The Arab-Muslim-Israeli conflict is politically and morally an issue of tremendous importance for the labour movement. A campaign is necessary to advocate and fight for the only just, and the only practicable, solution, by way of two states, a Palestinian Arab state side by side with Israel, both of them fully independent. It is the absence of such a mainstream campaign that allows the “revolutionary” pseudo-left to infect young people, whose good instinct makes them back the Palestinians against Israel, with an “anti-Zionism” so absolute that it becomes support for the destruction of the Jewish state, and is a form of anti-semitism.

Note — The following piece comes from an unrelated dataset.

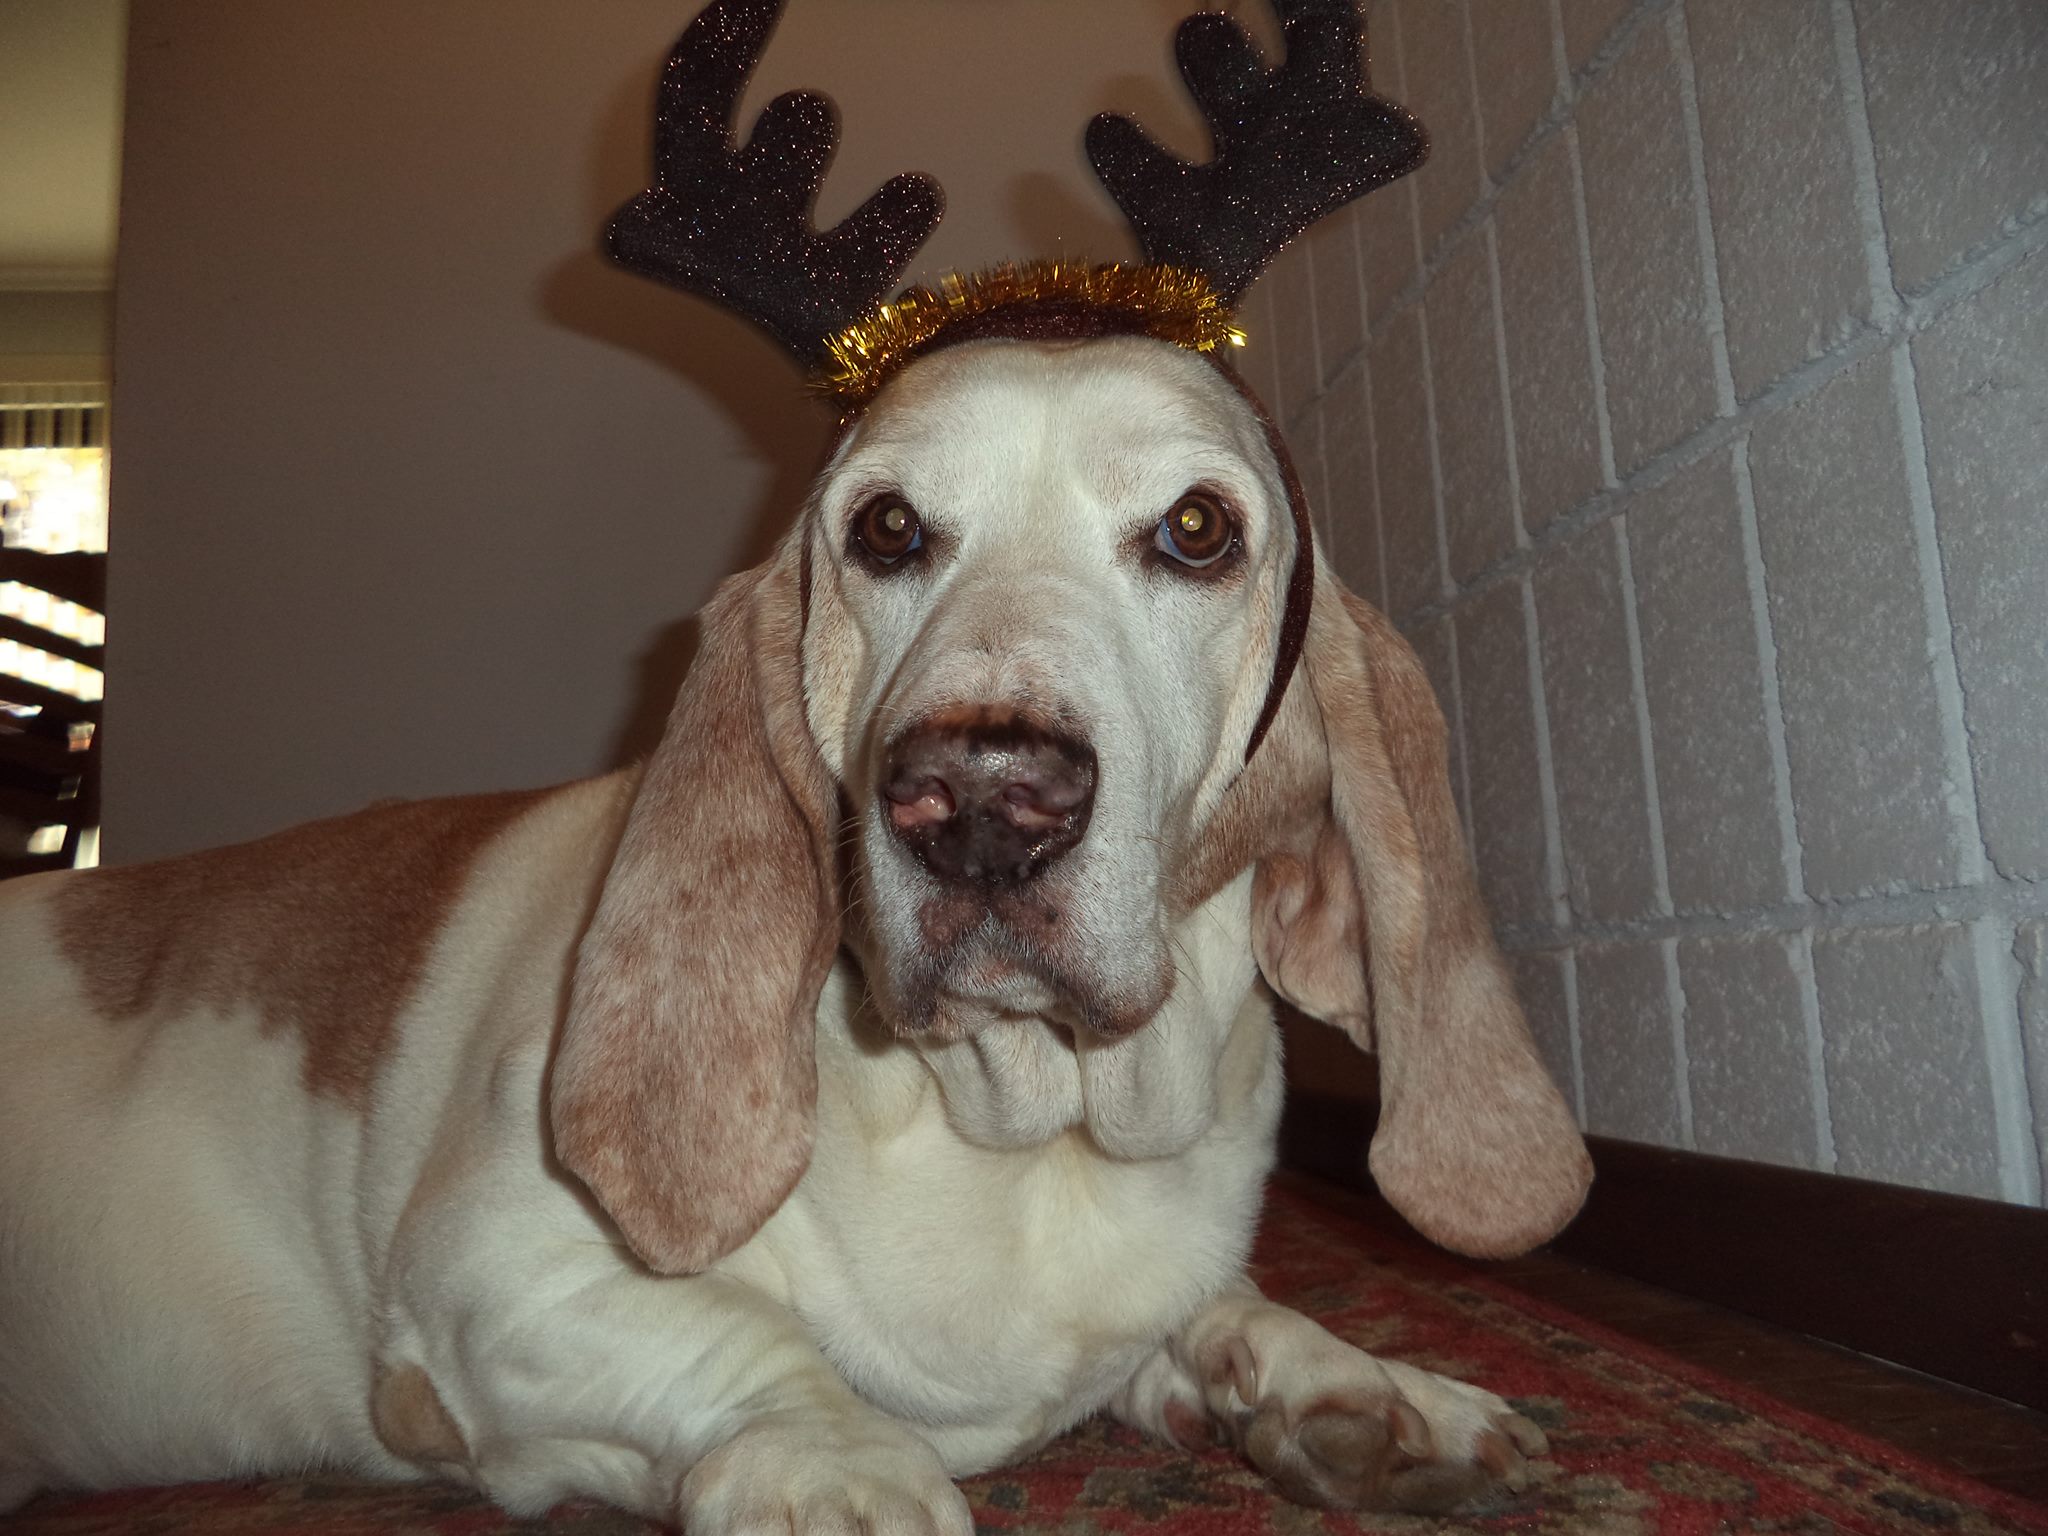 A Basset Hound lying on the floor while wearing a reindeer headpiece

If that is to be discussed now in the broad labour movement, as it will have to be given the past involvement of Jeremy Corbyn — who says he is for “two states” — with some of the “absolute anti-Zionist” organisations.

The new members of the Labour Party are a new “left”, politically amorphous and in many respects inchoate. They offers the serious left great opportunities for discussion and political-educational work.

Most important in integrating the new draft of members will be the Labour youth organisation. At present it is small and feeble. Socialists should urge the Corbyn leadership immediately to relaunch a proper youth movement.

Compare the present left influx into the Labour Party with the Bennite left that erupted after Labour lost the 1979 general election to Thatcher. One importance difference is that in 1979 there was a strong activist network in the local Labour Parties. The body of the Labour Party had been vocally opposed to the Labour government for years before 1979.

That provided a frame into which newcomers — and there were many of them, though not as many as today — could be integrated. Today’s pre-influx Labour Party is pretty much a withered shell, and many of its activists are people with political jobs in the Blair machine. It will be harder to integrate newcomers, though a campaigning Labour Party can do it: campaigning local Labour Parties can do it.

Politically, things are much better now. To the Bennite left, it was a basic article of faith to advocate British withdrawal from the European Union. The dominant model they had of socialism was the “Alternative Economic Strategy”, a combination of the sort of semi-planning done in the Stalinist states and nostalgia for Britain’s World War Two economic controls. Large swathes of the left were Stalinist, with a big or a little “s”. It was very hard to convince people then that a lot of what passed for “left” was pernicious nonsense.

For instance, the Russian invasion of Afghanistan at Christmas 1979, and the colonial war Russia waged for a decade, called forth a strong current of vocal USSR-loyalists in the Labour Party, including among MPs. That was a measure of the political left then. Tony Benn’s Chesterfield constituency Labour Party, with Benn's support, wrote a friendly letter to the Russian dictator Brezhnev on the premise that he was for peace.

Today all that old left has, politically, more or less vanished.

On the other hand, the old left had a strong working-class and labour-movement culture that has now receded into the past.

At that time the official Labour youth movement was a lot bigger than the current Young Labour, but it had been for a decade, with the connivance of the Labour Party leadership, under the control of the “Militant” sect (today the Socialist Party and Socialist Appeal), which educated young people into a synthetic ideology that identified socialism with the nationalisation of the big monopolies by the British bourgeois state and preached the idea that the Stalinist states were a sort of “first installment” of working-class socialism. They backed the Russians in Afghanistan all through the 1980s.

Their ideas amounted to a strange non-Marxist, even non-working-class, idea of socialism, and a non-socialist idea of “Marxism”. (They always proclaimed themselves “the Marxists”).

It will be much easier to talk serious working-class politics with the newcomers now than it was to clear away the political debris of the 1970s.